In this close-up of the above image, it is revealed – in excruciating detail – how the world’s tropical rainforests are being laid to waste.
It is as though the animals portrayed in the picture are trying to escape their terrible fate … but they cannot, because their homes are a vital part of their existence. The world has lost 52 percent of its wildlife in the past four decades, primarily driven by habitat loss.
This habitat loss has largely occurred because of human industrial activities, such as animal agriculture and palm oil production. Beef production, for example, is destroying the Amazon rainforest…
…and is even having a detrimental effect on the icy landscape of the Arctic, as greenhouse gas emissions caused by deforestation are driving the world’s temperature upwards and causing ancient glaciers to melt.
The heartbreaking truth is that climate change has now reached a “point of no return” – we humans have even managed to cancel the next ice age, which had been scheduled to take place in 50,000 years’ time!
These breathtaking images remind us that while the outlook for this planet may look bleak, we still have the power to ensure that some of the worst effects of climate change and wildlife loss may be avoided.
There are many ways that you can help make a difference for our planet today. By cutting out meat and dairy, one person can help save over 200,000 tons of freshwater resources every single year! The animal agriculture industry is responsible for at least 14 percent of global greenhouse gas emissions – though some organizations, such as The Worldwatch Institute, have discovered that the true figure could be as much as 51 percent. It also occupies 45 percent of the world’s total land area and has driven many wild animal species out of their natural homes and toward the brink of extinction.
The destructive palm oil industry, too, is placing species such as orangutans, pygmy elephants, and Sumatran tigers, at risk of extinction. It is also placing the health of Indonesian people in grave danger, and releasing huge amounts of greenhouse gases into the atmosphere. Avoiding palm oil is one way to ensure that the demand goes down and the terrible forest fires of Indonesia – often started by palm oil companies as a quick way of clearing land – can stop.

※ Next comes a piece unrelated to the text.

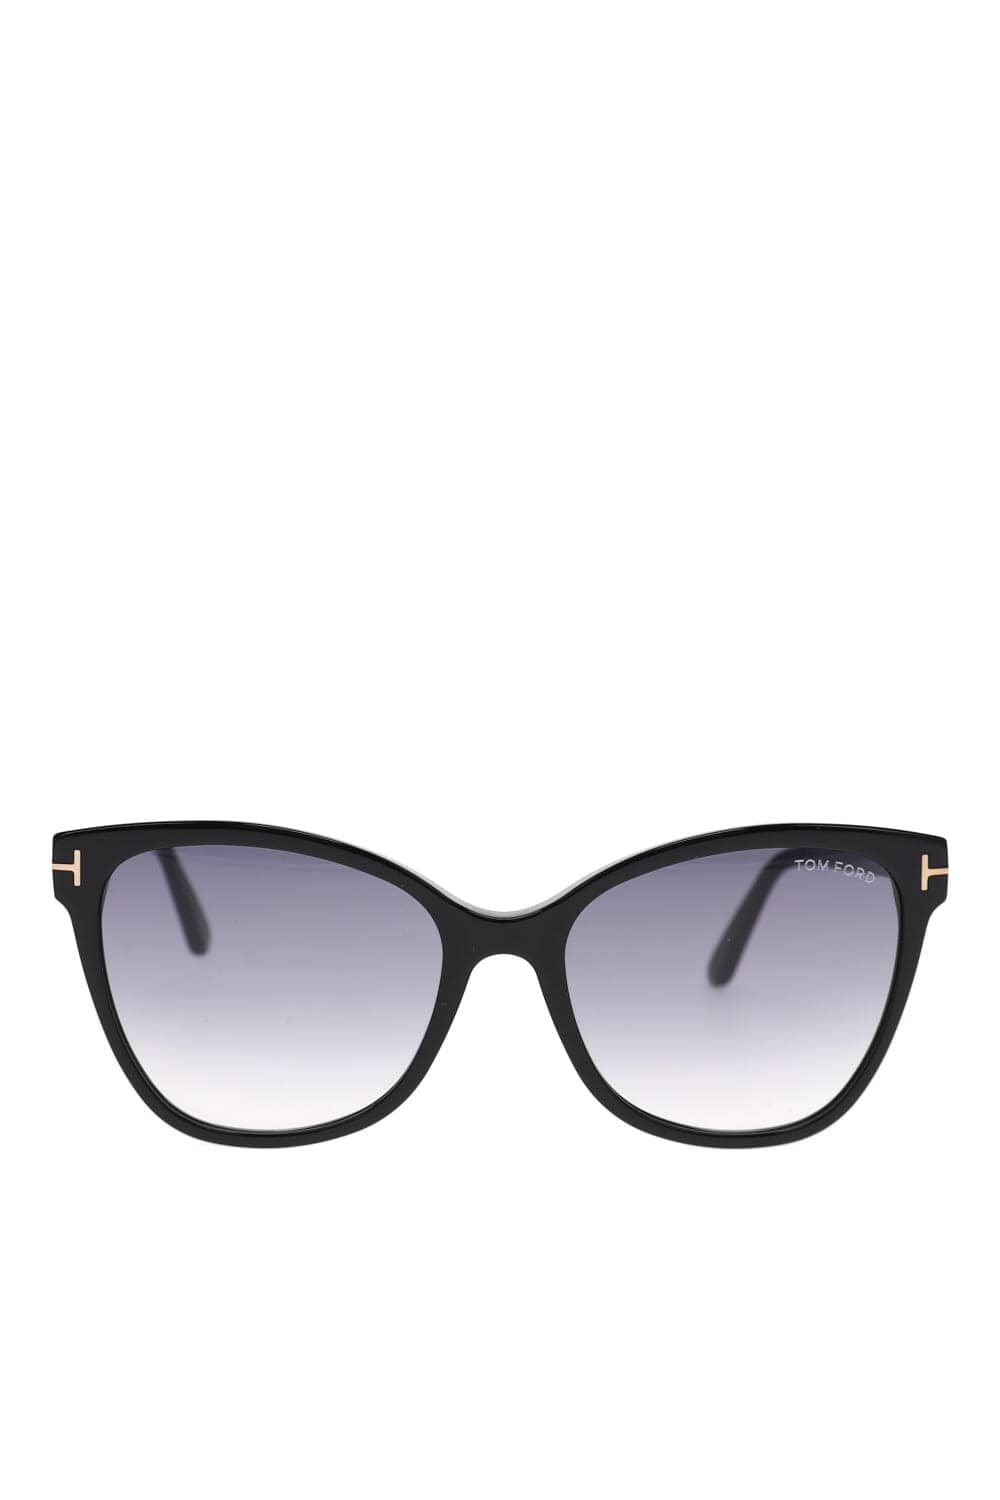 Tom Ford Eyewear FT0844 Shiny Black Smoke Sunglasses FT0844 Black/Smoke

Leaving seafood off your plate is also a powerful method of helping to conserve the vital oceanic ecosystems on which we all depend (the oceans provide us with an incredible 70 percent of the oxygen we breathe!). If current rates of fishing continue, scientists have estimated that the oceans will be devoid of all life by the year 2050 … or at least, that they will contain more plastic than fish by this date! Cutting down on your usage of plastic is another highly significant way to protect our Earth and its inhabitants. We currently throw around 8.8 million tons of plastic into the oceans every year. An estimated 700 marine speciesare at risk of extinction through ingesting or becoming entangled in plastic trash – even the most gigantic, majestic animals like sperm whales have met their deaths at the hands of our waste.